Material provided:
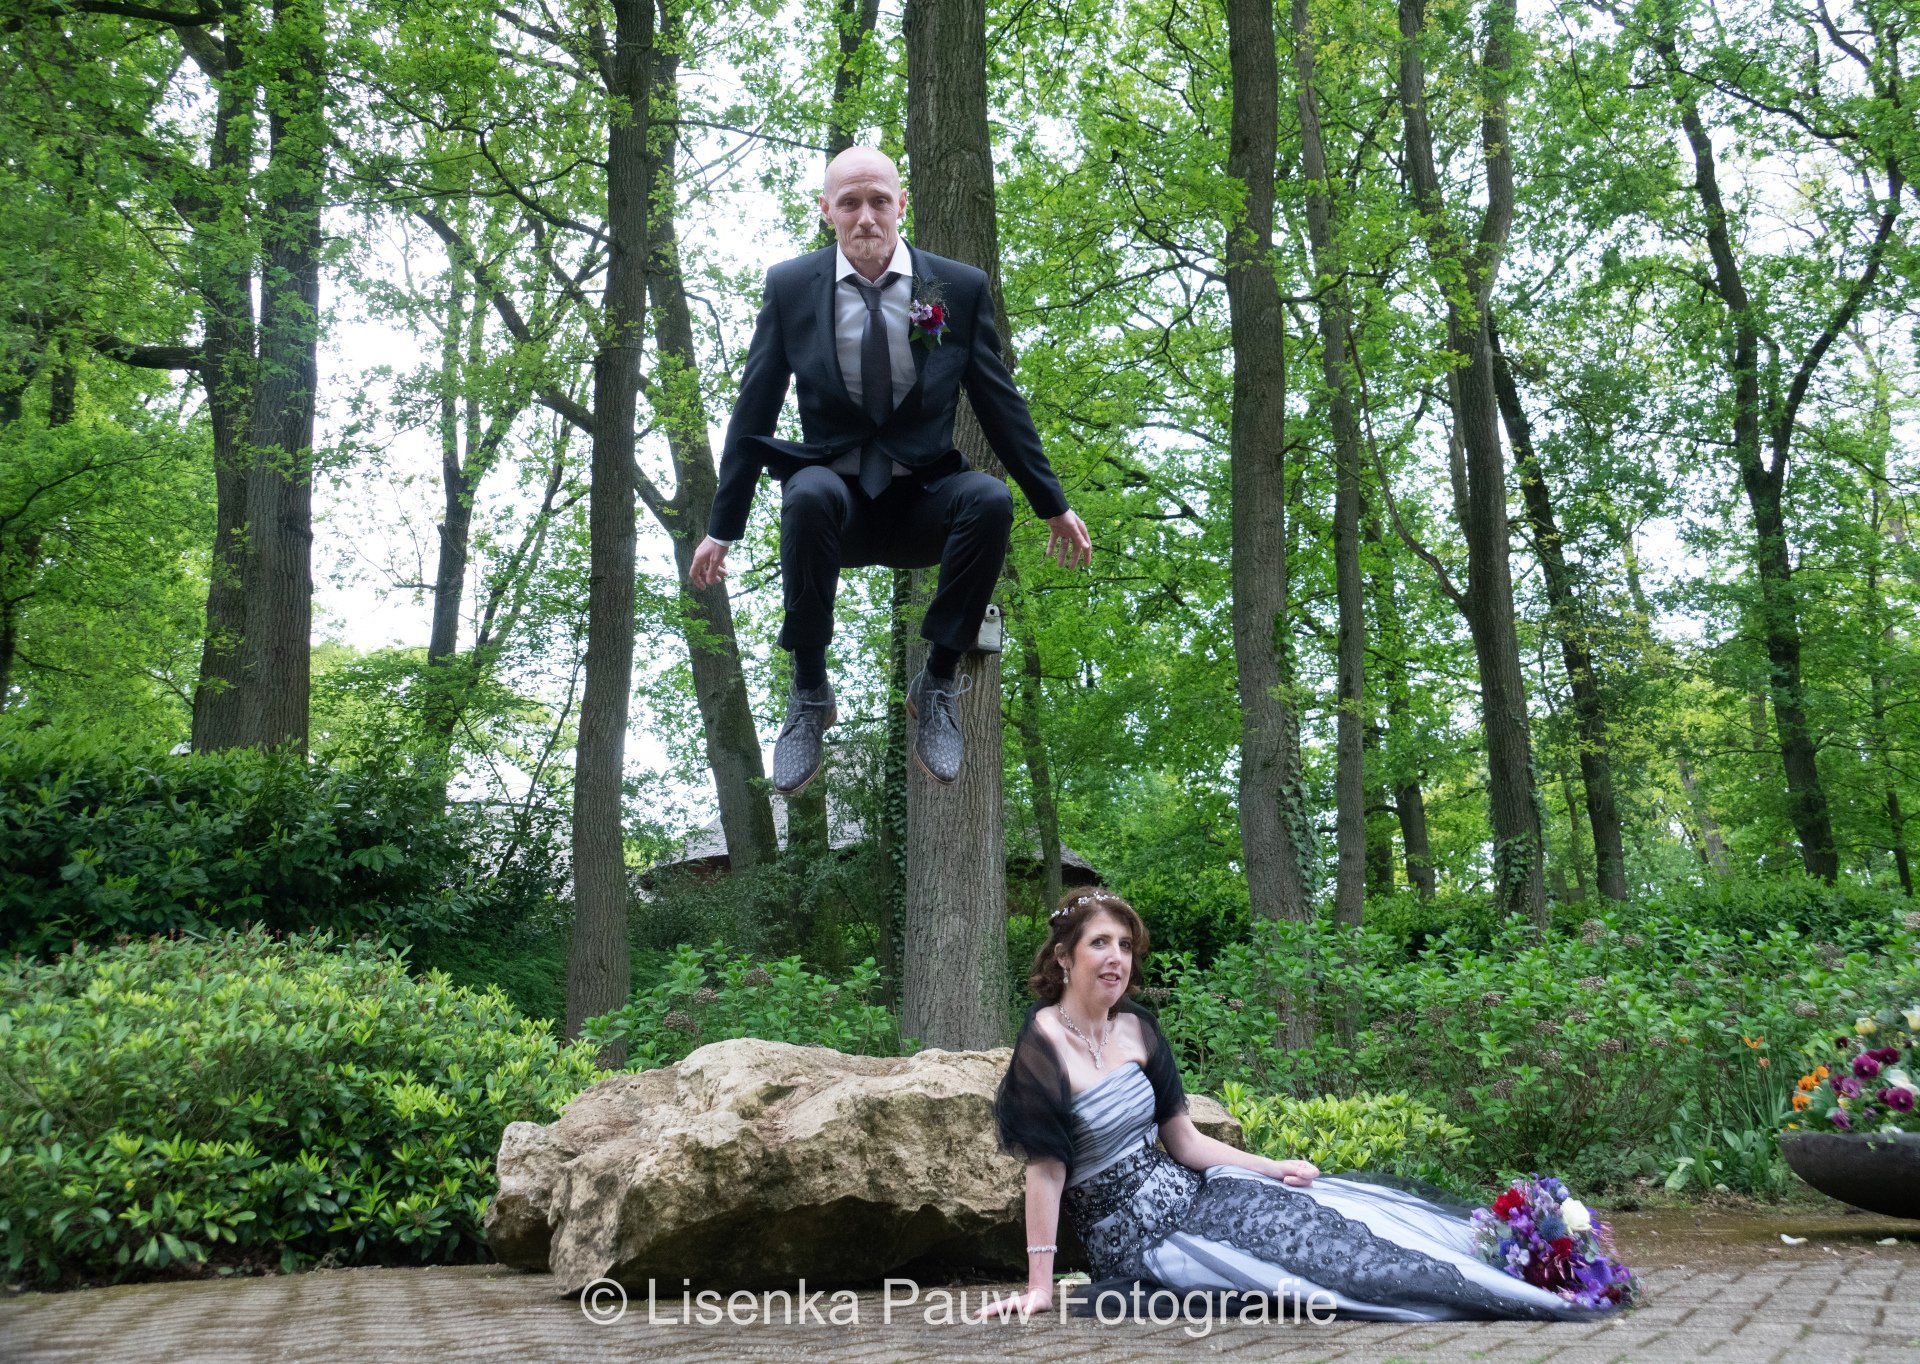 trouwfoto springen, trouwen, liefde, trouwfotograaf, Lisenka Pauw Fotografie
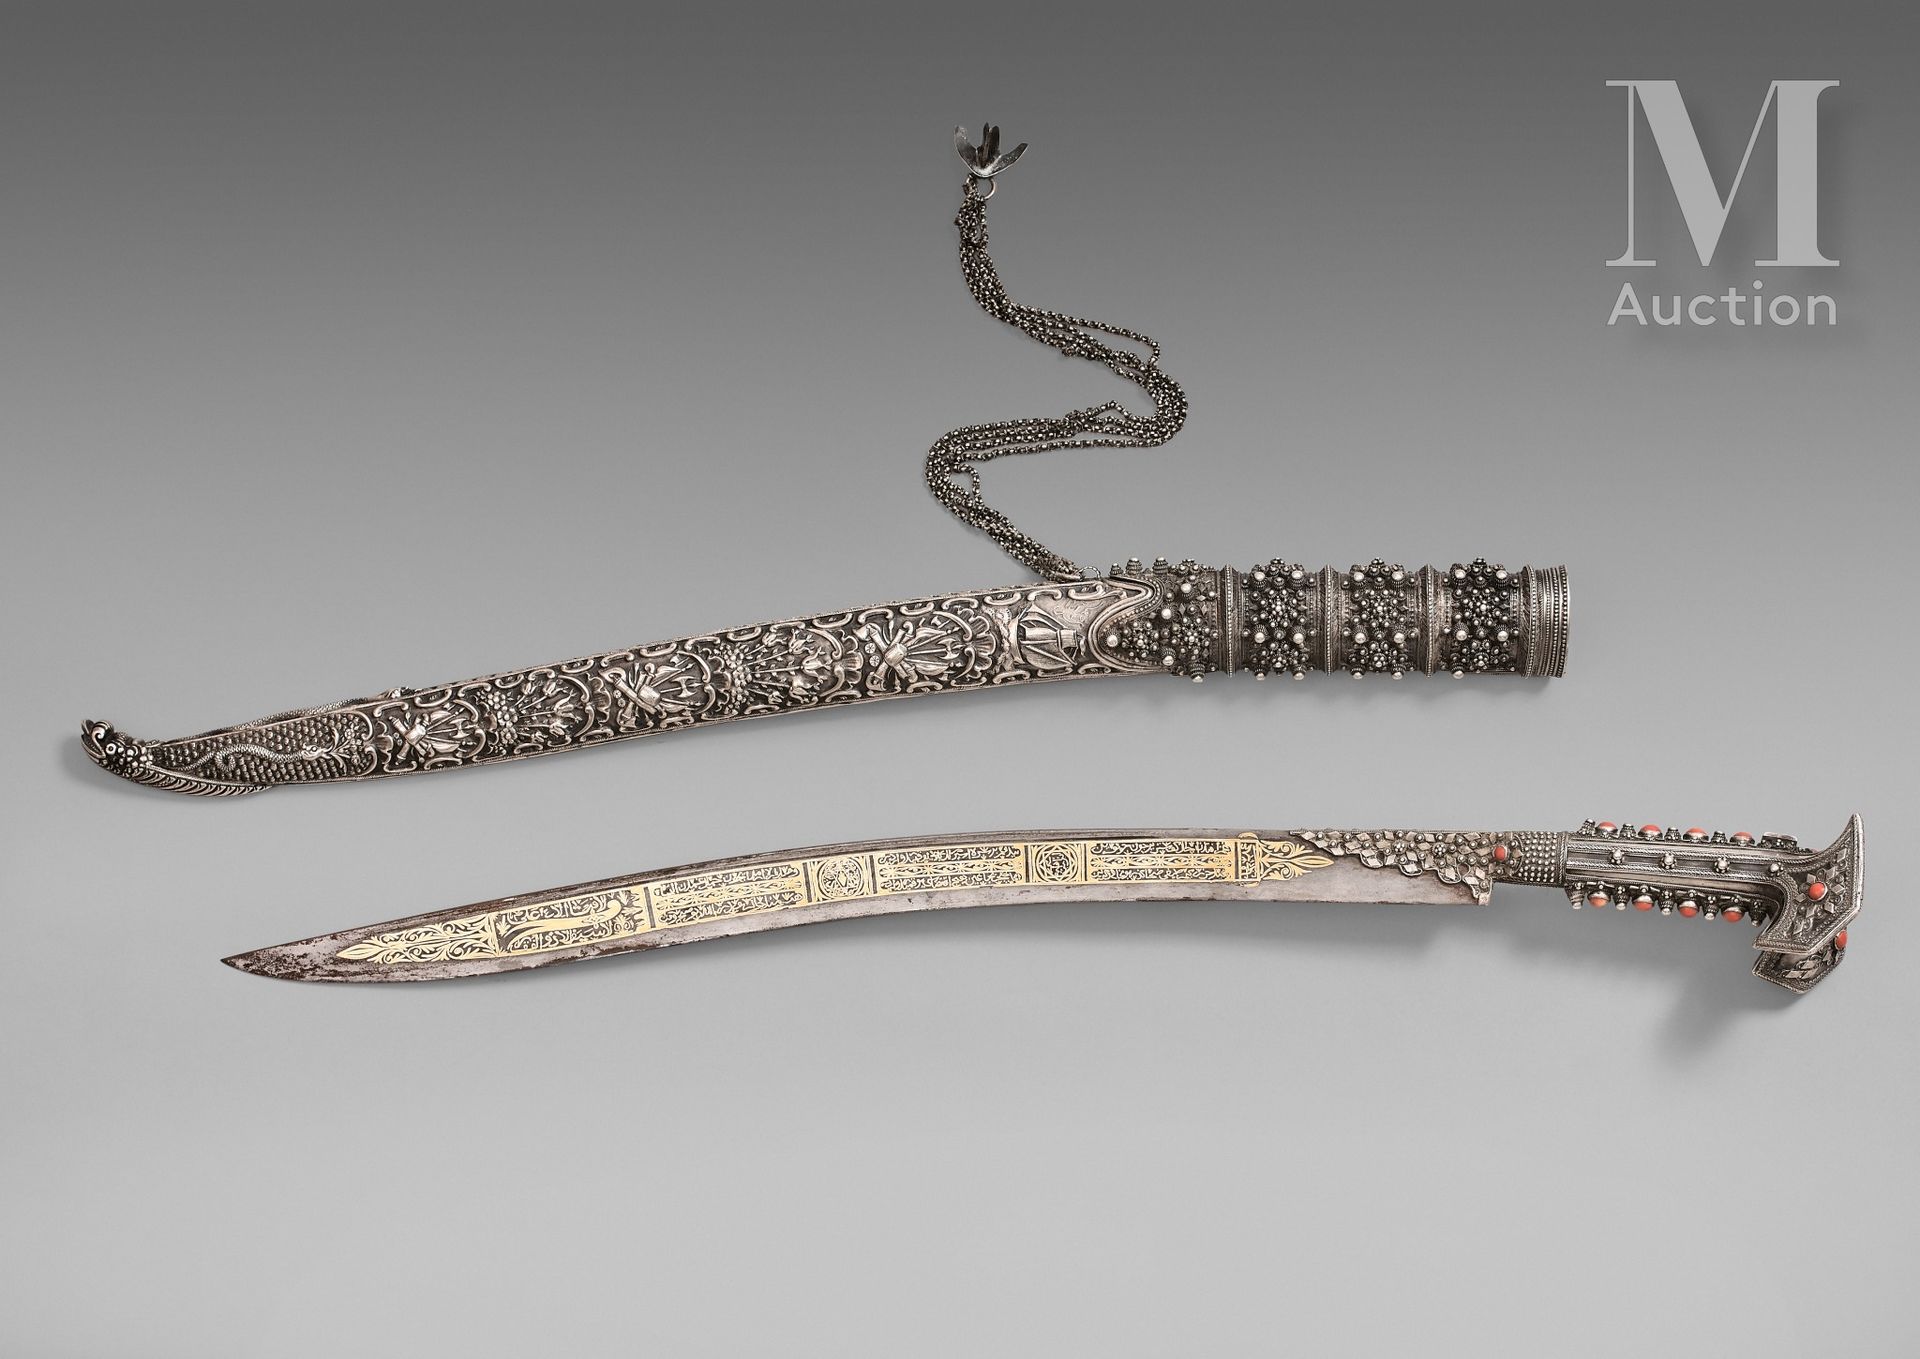 Superbe Yatagan ottoman Turchia, circa 1870-1880

Una spada corta con una lama i&hellip;
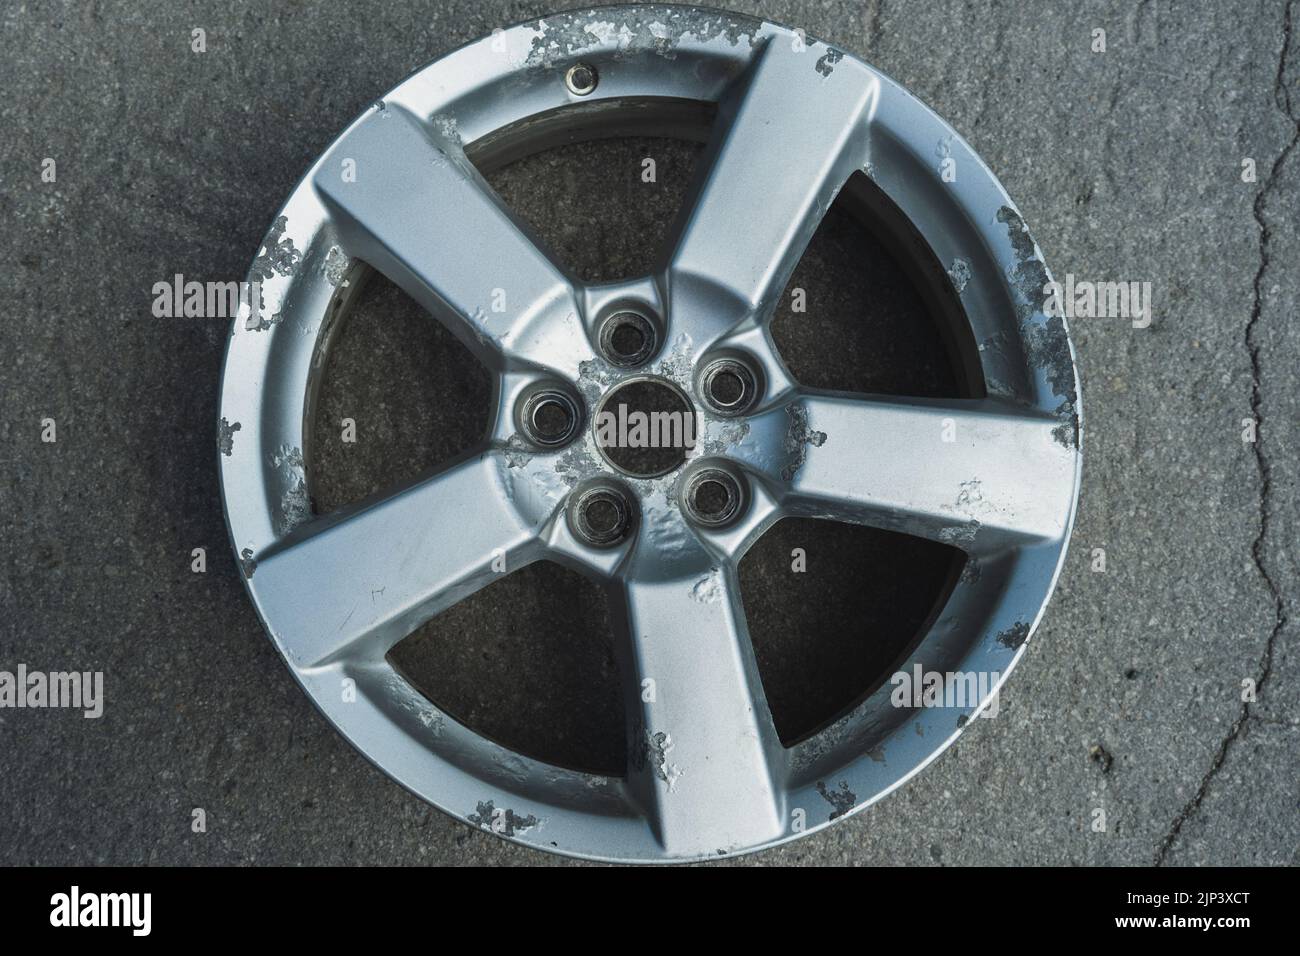 Corrosion on a silver aluminum alloy wheel close-up Stock Photo

Instructions for the task: Exactly the lines from the line with "Una spada corta con una lama i&hellip;" through the last line of the listing, both included, should be extracted, and the pictures left behind.

Output below:
Una spada corta con una lama i&hellip;
 Corrosion on a silver aluminum alloy wheel close-up Stock Photo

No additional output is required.